Personal life
- Born: Benjamin ben Eliakim Goetz
- Died: 1798
- Buried: Liverpool, England

Religious life
- Religion: Judaism

= Benjamin Eliakim Yates =

Benjamin Eliakim Yates (בנימין בן אליקים געץ; died 1798) was rabbi of the Jewish community of Liverpool, England.

==Biography==
Benjamin Eliakim Yates was the older son of Eliakim Goetz of Strelitz, and was likely himself also a native of Strelitz. Upon arriving in England, he became an itinerant seal-engraver, eventually settling in one of the southwestern counties. He afterwards moved to Liverpool, where he became an engraver and working jeweller. In addition to his trade, he took on the role of rabbi of the city's fledgling Jewish congregation, as well as ḥazzan, shoḥet, and mohel. His residence at 109 Frederick Street is believed to have been the first regular synagogue in Liverpool. Its small garden functioned as a burial ground, with Benjamin Yates being the final individual laid to rest there.
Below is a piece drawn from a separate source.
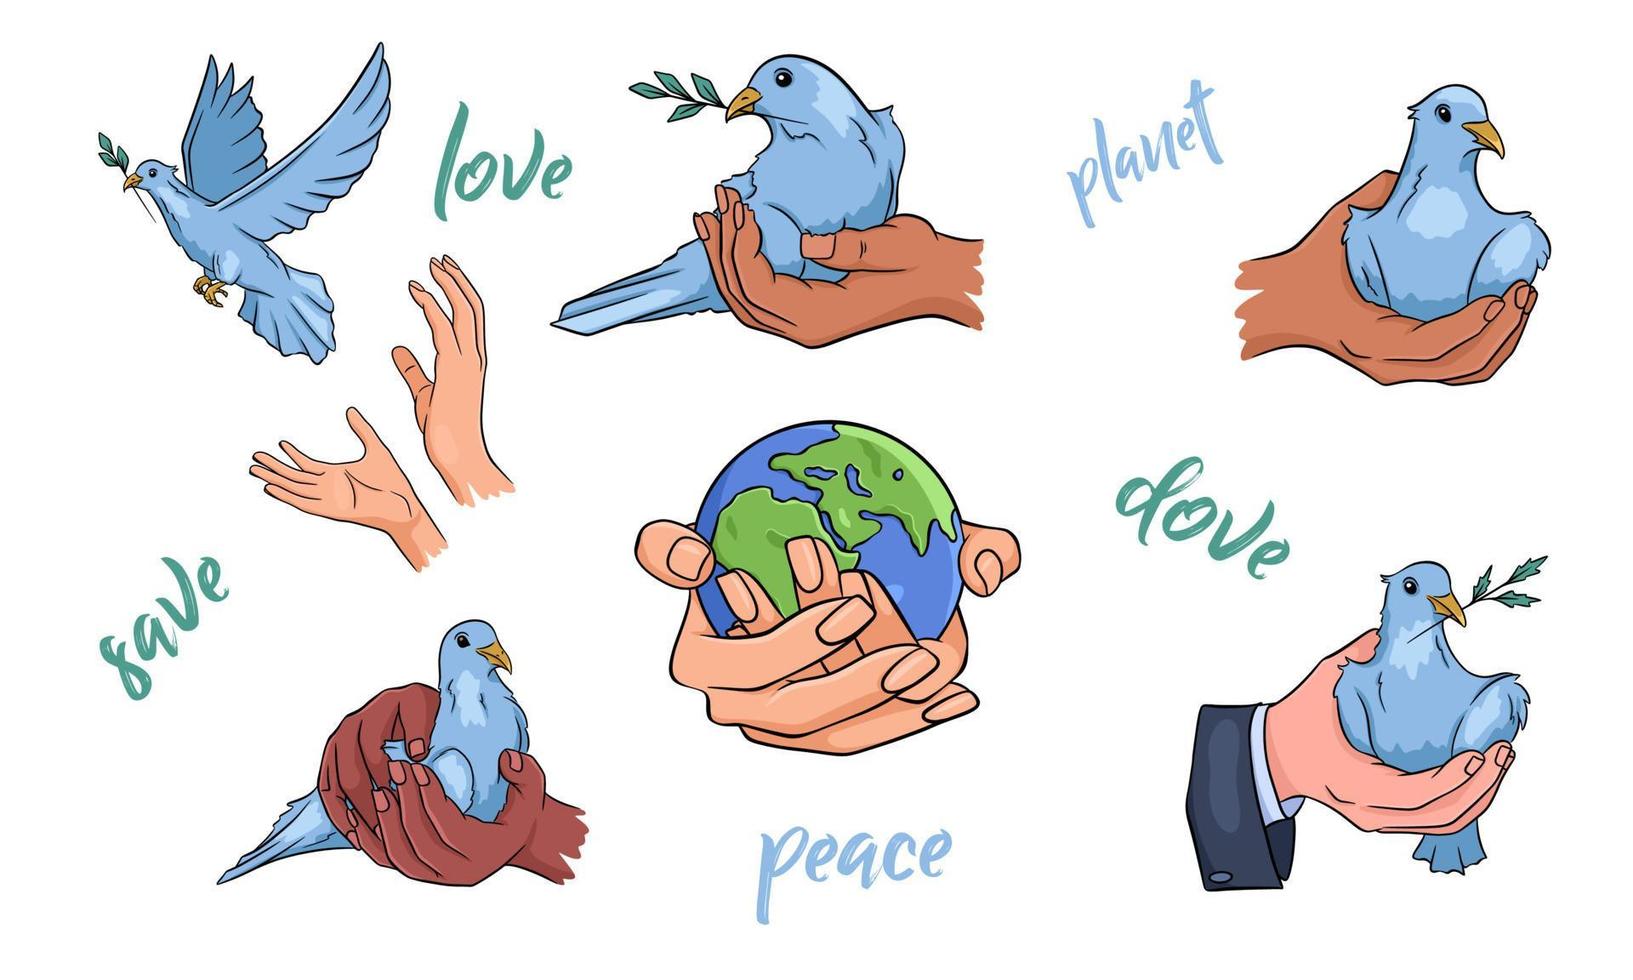 pomba com um galho no bico. pombas na mão. vamos proteger o planeta. paz mundial. conjunto de vetores. desenhado à mão. vetor

Following his passing, Benjamin's younger brother Samuel relocated to Liverpool, likely assuming responsibility for the engraving and jewellery business that Benjamin had left behind. Samuel Yates and his wife Martha of Shaftesbury were the ancestors of the leading families of the Liverpool Jewish community, whose members included Herbert, Viscount Samuel and Sir Stuart Samuel.